Oral candidiasis, commonly referred to as “thrush,” is an opportunistic fungal infection that commonly affects the oral mucosa. The main causative agent, Candida albicans, is a highly versatile commensal organism that is well adapted to its human host; however, changes in the host microenvironment can promote the transition from one of commensalism to pathogen. This transition is heavily reliant on an impressive repertoire of virulence factors, most notably cell surface adhesins, proteolytic enzymes, morphologic switching, and the development of drug resistance. In the oral cavity, the co-adhesion of C. albicans with bacteria is crucial for its persistence, and a wide range of synergistic interactions with various oral species were described to enhance colonization in the host. As a frequent colonizer of the oral mucosa, the host immune response in the oral cavity is oriented toward a more tolerogenic state and, therefore, local innate immune defenses play a central role in maintaining Candida in its commensal state. Specifically, in addition to preventing Candida adherence to epithelial cells, saliva is enriched with anti-candidal peptides, considered to be part of the host innate immunity. The T helper 17 (Th17)-type adaptive immune response is mainly involved in mucosal host defenses, controlling initial growth of Candida and inhibiting subsequent tissue invasion. Animal models, most notably the mouse model of oropharyngeal candidiasis and the rat model of denture stomatitis, are instrumental in our understanding of Candida virulence factors and the factors leading to host susceptibility to infections. Given the continuing rise in development of resistance to the limited number of traditional antifungal agents, novel therapeutic strategies are directed toward identifying bioactive compounds that target pathogenic mechanisms to prevent C. albicans transition from harmless commensal to pathogen.
Keywords: oral candidiasis; Candida albicans; immune response; fungal–bacterial interactions oral candidiasis; Candida albicans; immune response; fungal–bacterial interactions

1. Introduction

1.1. Candida and Candidiasis Etymology and Historical Perspective

Oral candidiasis (OC), commonly referred to as “thrush” encompasses infections of the tongue and other oral mucosal sites and is characterized by fungal overgrowth and invasion of superficial tissues [1,2,3]. The colloquial term “thrush” refers to the resemblance of the white flecks present in some forms of candidiasis with the breast of the bird of the same name. The etymology of oral thrush dates back to the time of Hippocrates (around 400 Before Christ (BC)) who, in his book “Of the Epidemics,” described OC as “mouths affected with aphthous ulcerations” [4]. The early descriptions of the disease predated the concept of “contagion” and, therefore, as recently as the early 1900s, it was thought that the disease was of host origin.
Approximately 200 years were required before the etiological agent of thrush was correctly identified as a fungal pathogen.
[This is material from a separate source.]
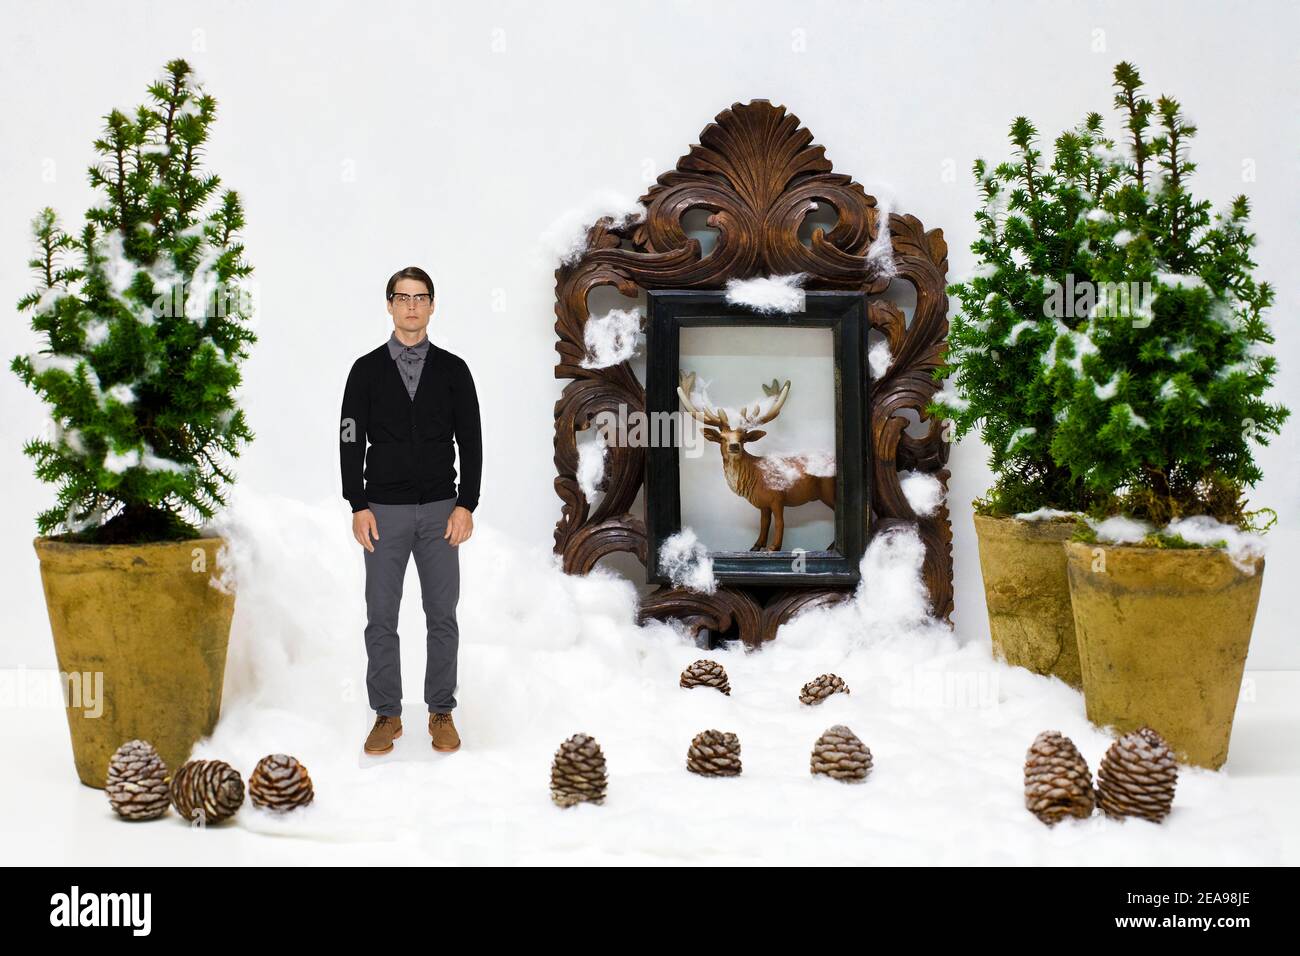 Man, toy figure, deer, picture frame, pine cones, cotton wool, snow, flower pots, Christmas, tree, white, standing, cut-out figure Stock Photo
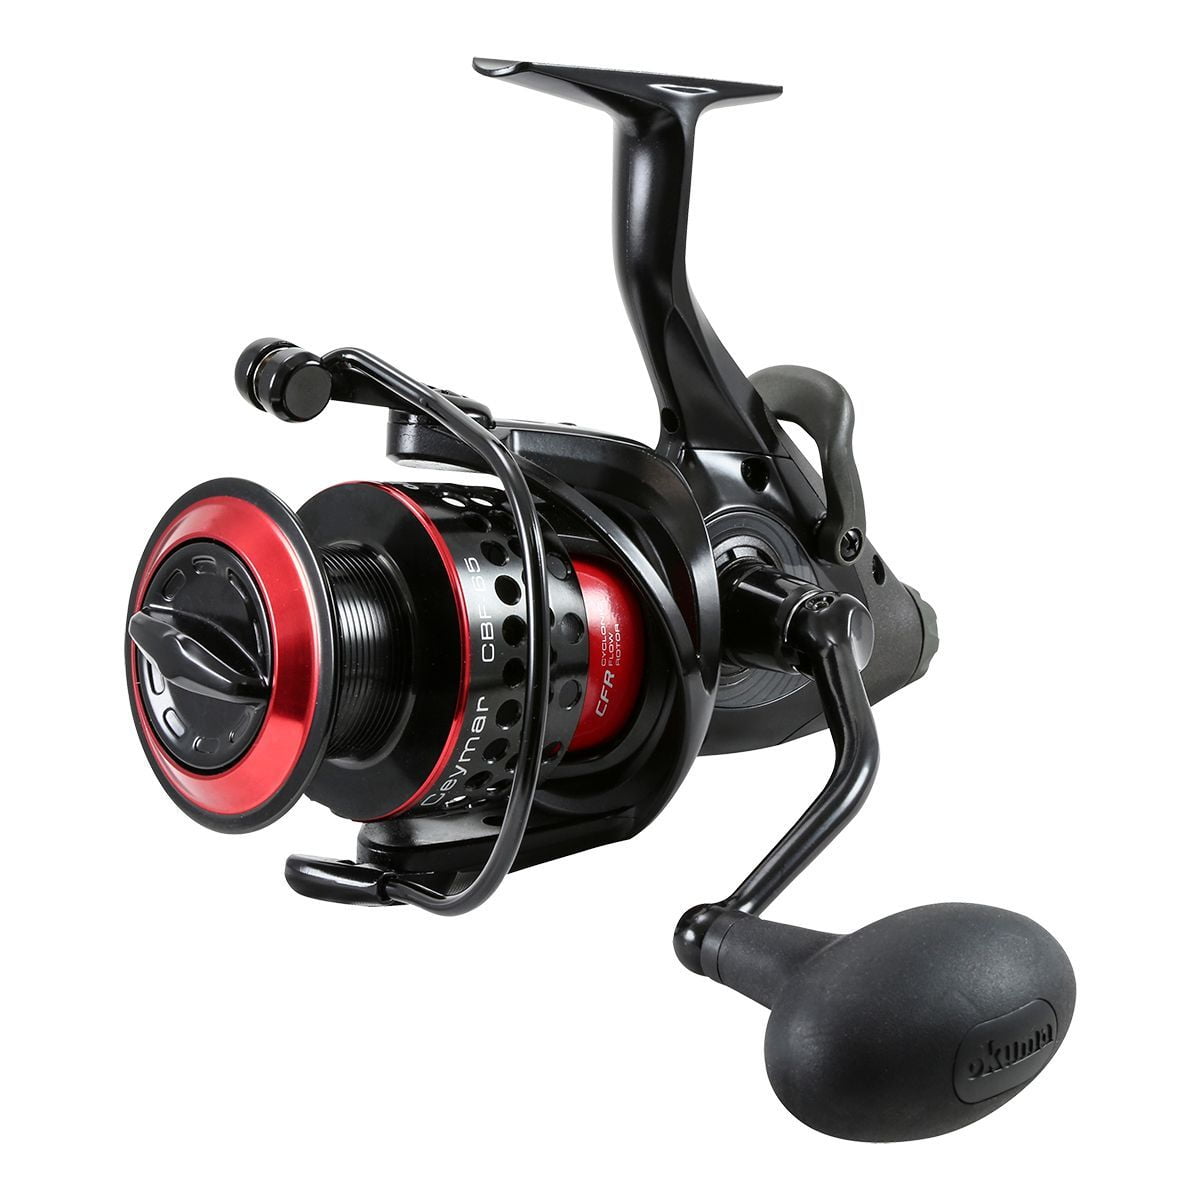 CANDO(SUB-Brand of TICA) Spinning Fishing Reel,7BB+1RB Smooth,Gear

In 1771, Rosen von Rosenstein defined an invasive form of thrush; however, in 1839, Langenbeck was credited with first documenting a fungus associated with thrush in a patient with typhoid fever [5,6]. In 1846, Berg presented observations that thrush was caused by a fungus, which was classified in 1847 by the French mycologist, Charles Philippe Robin as Oidium albicans, the first use of albicans which means “to whiten” [6,7]. In 1923, Berkhout reclassified the fungus under the current genus Candida, a name derived from the Latin word toga candida, referring to the white toga (robe) worn by Roman senators of the ancient Roman republic, a probable reference to the whitish colonies on agar or white lesions [6,7,8]. However, it was not until 1954 that the binomial Candida albicans was formally endorsed. In the 1980s, there was a clear surge of interest in oral candidal infections largely due to the increased incidence of OC because of the escalation in the acquired immune deficiency syndrome (AIDS) epidemic, and, to date, OC remains the most common oral opportunistic infection in human immunodeficiency virus (HIV)-positive individuals and in individuals with weakened immune systems [9,10,11,12,13]. In fact, the opportunistic nature of the infection was first highlighted by Hippocrates, who referred to this malady as “a disease of the diseased” [14].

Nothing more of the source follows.